The Ecofibre Ltd (ASX: EOF) share price is on watch this morning after an impressive earnings report. It produces non-psychoactive hemp products for distribution in the United States and Australia. The company's primary product is cannabidiol (CBD) which is used to create nutraceutical products. Other products in this category include dietary supplements, vitamins, fortified dairy products, and citrus fruits and many others.
The company reported a 42% increase in top line revenues, and an eye watering 119% increase in net profit after tax (NPAT). The year of the coronavirus pandemic has been a foundational year for this innovating company. Indeed, it has built the infrastructure it needs to grow rapidly into a very large addressable market.
Why is the Ecofibre share price on watch?
The Ecofibre share price is likely to see an impact after announcing top line revenue reached $50.7 million in its first full year as a publicly listed company. In fact, the company's gross margin was 76%. This is the margin between revenue and the cost of producing the product. With the addition of all other operating costs, the NPAT margin was 25.9%. These large margins clearly show the high value nature of this business. Moreover, the company was able to achieve a return on equity (ROE) of 20.9%, while increasing net assets by 48.9%.
The company has a range of subsidiaries. However, most importantly for the Ecofibre share price is Ananda health. This is the leading nutraceutical product manufacturer in retail pharmaceutical sales channel in the United States. Moreover, Ananda health recently signed a deal with CVS Pharmacy, the largest retail pharmacy company in the US. This speaks highly of the quality of Ananda Health products.
Within Australia, all Ananda hemp products are available under the Special Access Scheme (SAS) and Authorised Prescriber scheme. Health practitioners are prescribing the product for a range of conditions. In fact, a close friend of mine with multiple sclerosis is using it.
Ecofibre food products are available at Woolworths Group Ltd (ASX: WOW) stores under the 'Macro' brand, and through selected IGA stores under the Ananda Food brand. In addition, these products are sold wholesale to food manufacturers and other distributors. This revenue stream is still unprofitable, but it has improved on FY19.
New revenue streams
The company commercialised its new Hemp Black line of clothing in FY20. This project started off 2 years ago with technology development at Thomas Jefferson University. Even without the sustainability impacts, hemp fibre is lightweight and absorbent, and has three times the tensile strength of cotton.

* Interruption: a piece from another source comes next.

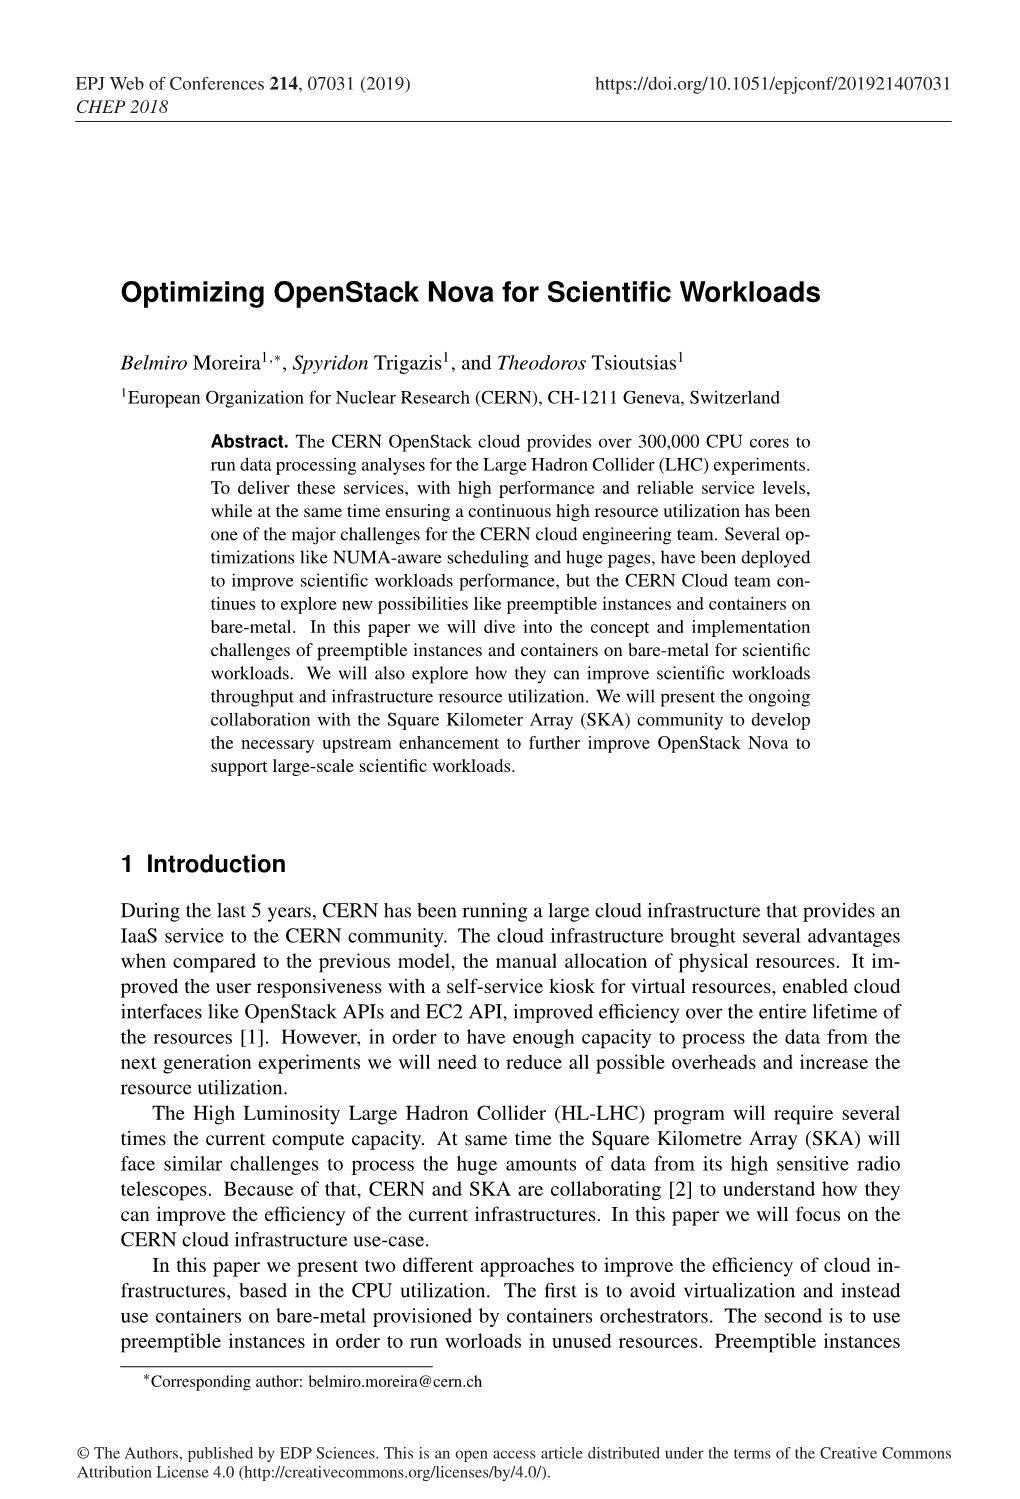 Optimizing Openstack Nova for Scientific Workloads

In April, the subsidiary was ready to launch with Yoga wear to demonstrate the quality and functionality of its technologies. However, fortunately it pivoted to masks and neck gaiters to help in the fight against coronavirus. As a result, the subsidiary broke even in FY20. On 29 July, the company announced the acquisition of a portfolio of companies under the business TexInnovate, an advanced textile manufacturer. This gives Hemp Black capabilities throughout the value chain. TexInnovate also brings a number of clients with it.
Alongside the financial information above, I think this is another demonstration of the managerial capability of Ecofibre. As well as its ability to pivot rapidly. Patents are pending on clothing and mask designs, as well as many patents over the fabric and processes the company has developed.
Foolish Takeaway
I think the Ecofibre share price is a growth opportunity for ASX investors. It is the sector leader in the very important retail pharmacy channel for its nutraceutical product. This sector that is likely to be worth greater than $722 billion globally by 2027. This gives it a first mover advantage in a wide open market; just as Afterpay Ltd (ASX: APT) had in Australia in the beginning. Furthermore, the company is committed to continue with clinical testing and research.
For me personally, the actions of management so far give me a strong sense of their competence and business acumen. I believe they are very well positioned for growth in a range of areas, although I am not sure about the food revenue stream. Regardless of that, the company is valued at $919.97 million and has a price to earnings ratio of 63.36. I think the high earnings multiple is justified, and I see this as a strong growth candidate over the next 12 months and beyond.